In mid-October 2009 Parliament voted out the government amid increasing political infighting, prompting the IMF and the European Union to halt payments on a $30 billion bailout loan. President Traian Basescu narrowly won re-election through what was considered by many to be a fraudulent vote. "Of course the election was corrupt and fraudulent," summed up one observer. "Everything in Romania is corrupt and fraudulent, especially politics."
"A little fraud in Romania is, you might say, like a little snow in Siberia," wrote The Economist in 2004. "Only to be expected, not really worth a fuss." Then, the weekly publication reported on an election that was narrowly won by the left. The fact that little has changed since Romania joined the European Union is not only an embarrassment for the country, but for the EU as well. Instead of now demonstrating its capacity to meet in full the EU's high standards of democracy, Romania continues to be the most corrupt nation in the European Union, this according to Berlin-based monitor Transparency International. The fact that more than 20 Cabinet ministers and former ministers have been accused by prosecutors of corruption attests to this sad state of affairs. Not only this, during the last presidential campaign between Basescu and then PSD rival Adrian Nastase, the former had let slip what most already had long known: "You know what Romania's greatest curse is right now? It's that Romanians have to choose between two former Communist Party members."
Having officially lost the run-off last December, Mircea Geoana, president of the Social Democratic Party, and Crin Antonescu, leader of the opposition National Liberals, said they will remain in opposition. Both are confident that their time will come sooner rather than later. According to Geoana, the present government has an "unstable" majority based on "traitors."
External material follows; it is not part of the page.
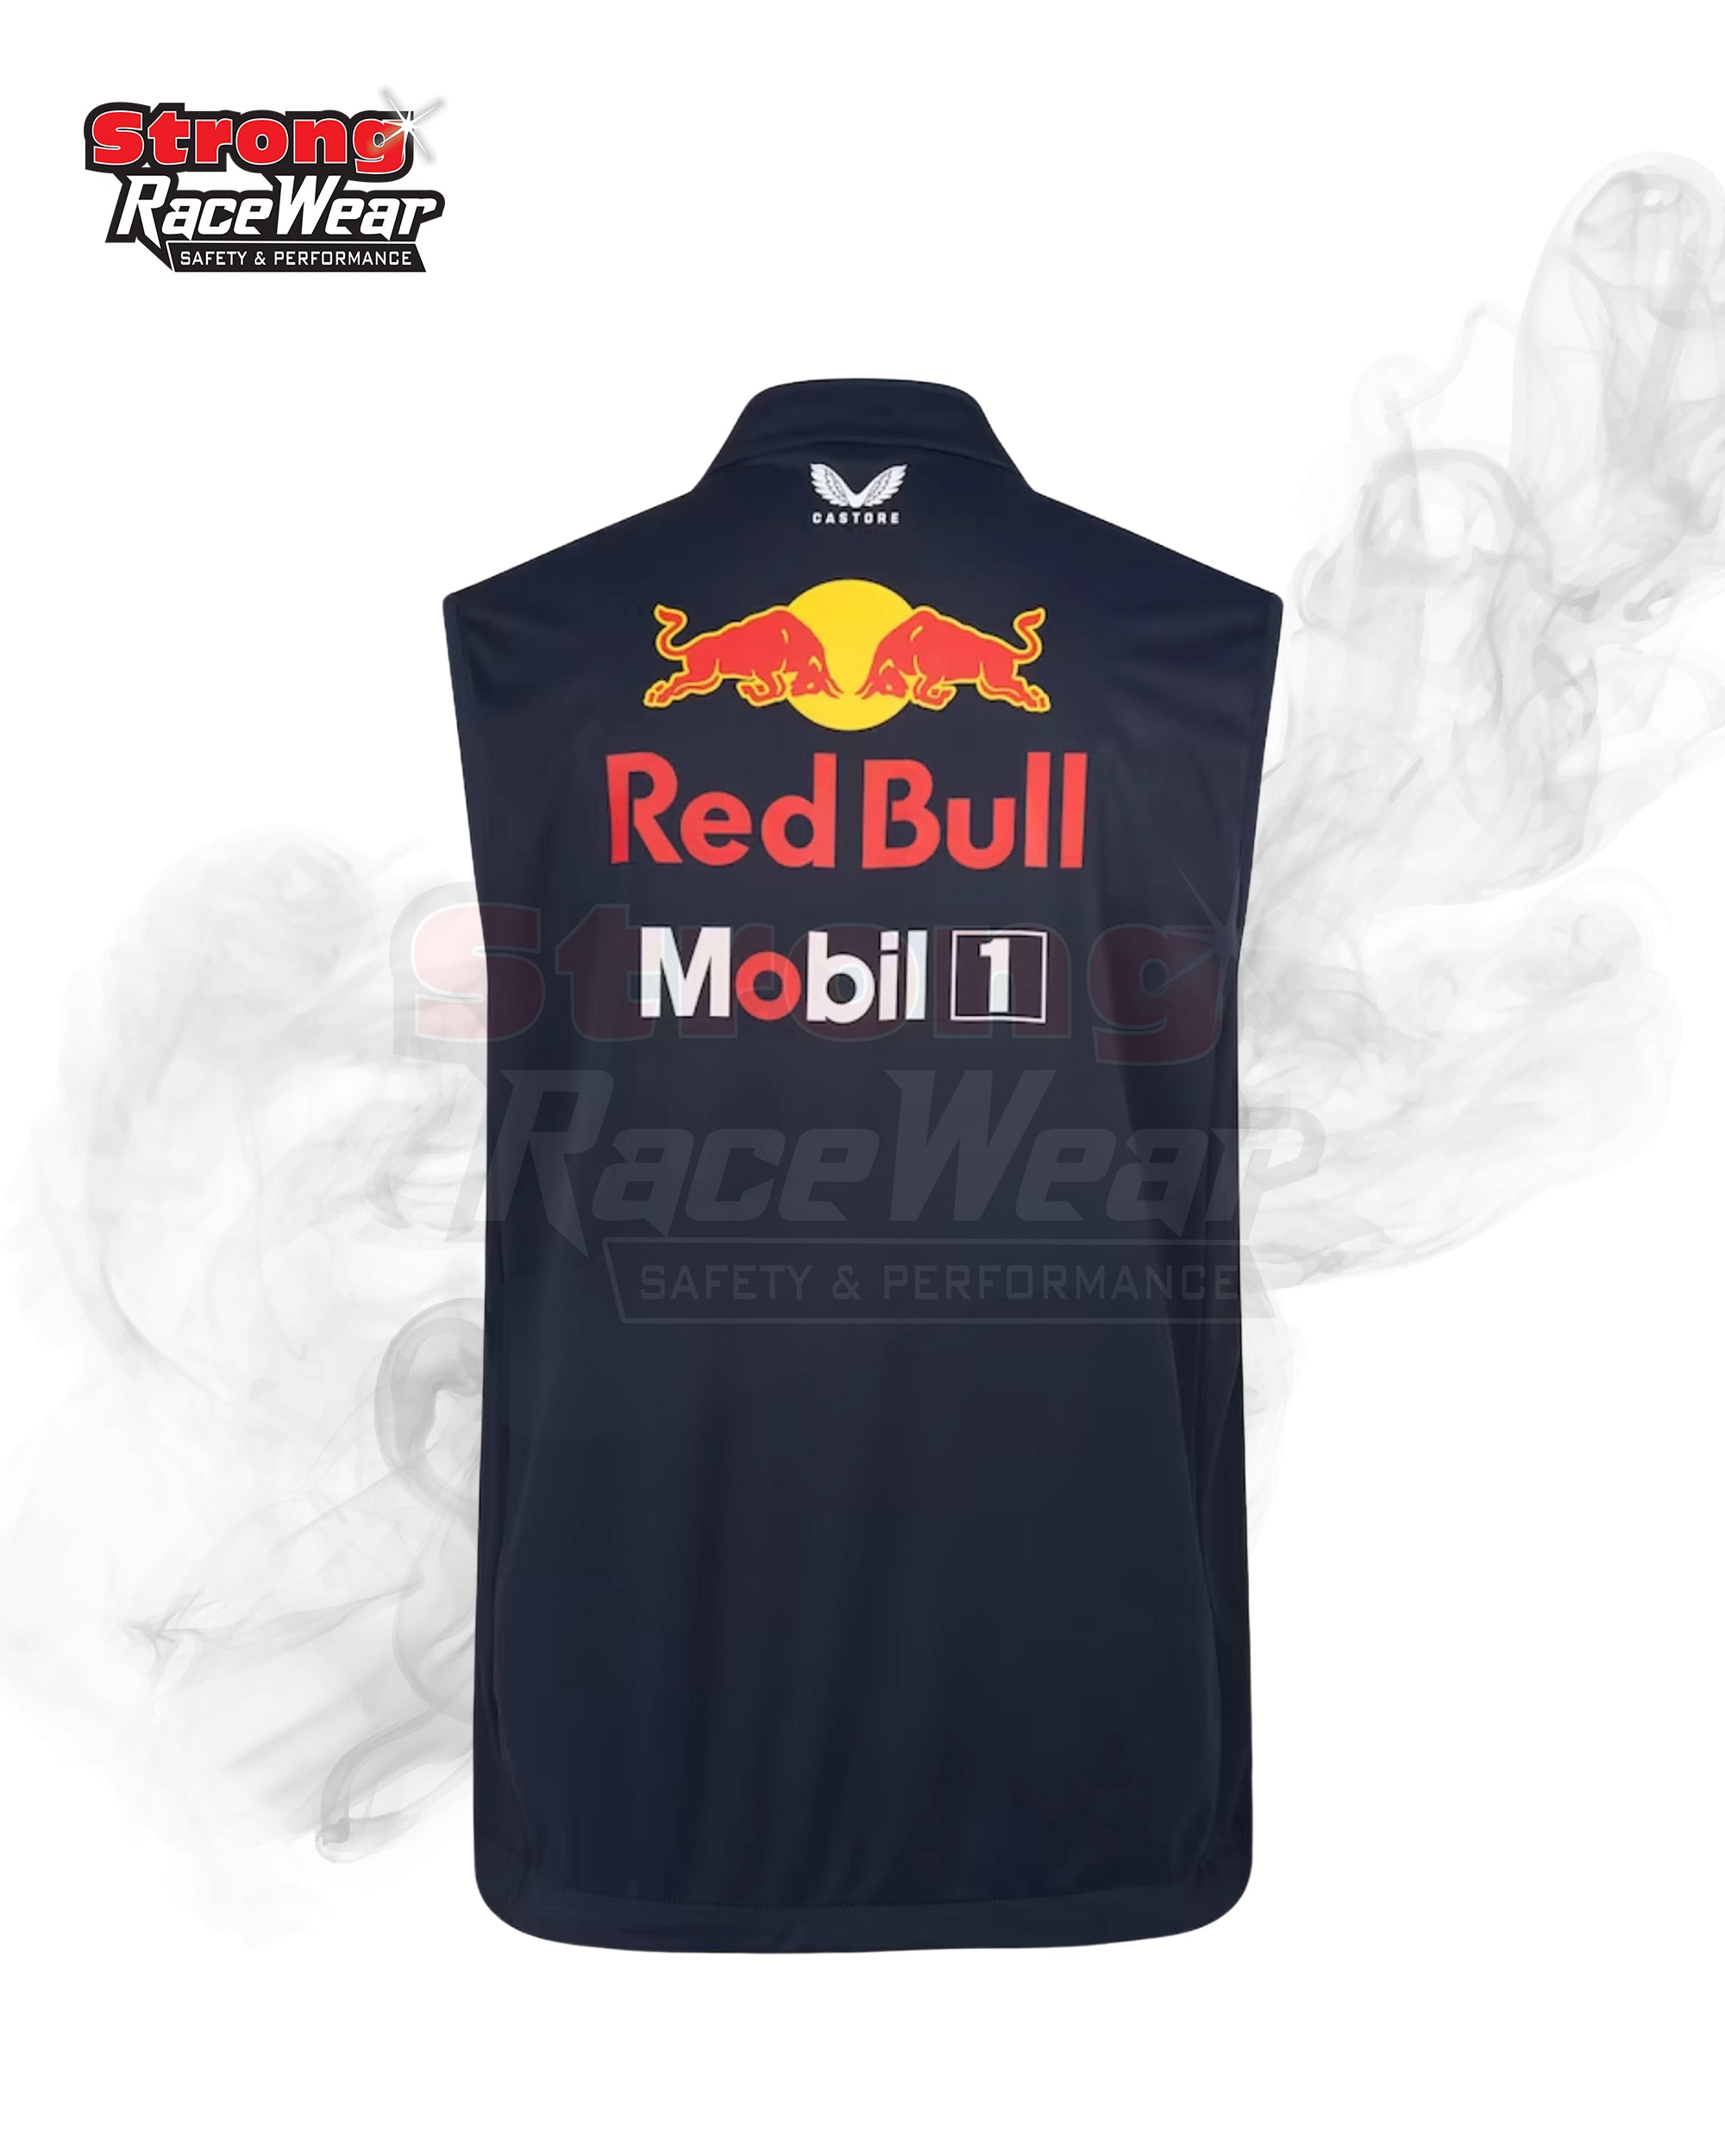 Oracle Red Bull Racing 2023 Team Gilet Jacket Softshell

The traitors Geoana was referring to was none other than the RMDSZ. Together with the Social Democrats and the National Liberals, the RMDSZ had helped to bring down the government of Emil Boc in October, only to enter into a coalition three months later with their former rivals. Because of the narrow victory, Basescu was in desperate need of coalition partners and thus seemed to let bygones be bygones. In the end RMDSZ leader Bela Marko was made deputy prime minister; his party also obtained the health, environment and culture portfolios.
While some may regard such a move on the behalf of the RMDSZ as shrewd politics, others feel that the label of "traitors" or "opportunists" perhaps fits better. Much in the same way as with the statue of Gusha in Tirgu Mures, many feel that the RMDSZ is simply a party without scruples, and that Marko would lie in bed with Lucifer if necessary.
As present day politics in Romania clearly shows, the ambiguities that are part of everyday life aren't limited to merely time, space, or ethnicity, but seem to be present at all levels of Romanian society. For this reason, coming to terms with the recent past is an almost impossible task, whether it is the December revolution that brought an end to communism or the growing pains of the post communist era as exemplified by the events of Black March.
Indubitably, one thread which runs through all these ambiguities is the prevalence of those in positions of power and influence and whose lives and careers span both then and now. "Happy 20th anniversary of the revolution," wrote one blogger at the end of December, a date which not only commemorated the overthrow of Ceausescu but the formation of Basescu's new center-right government. "Can we have another one please, and get rid of all of them this time?"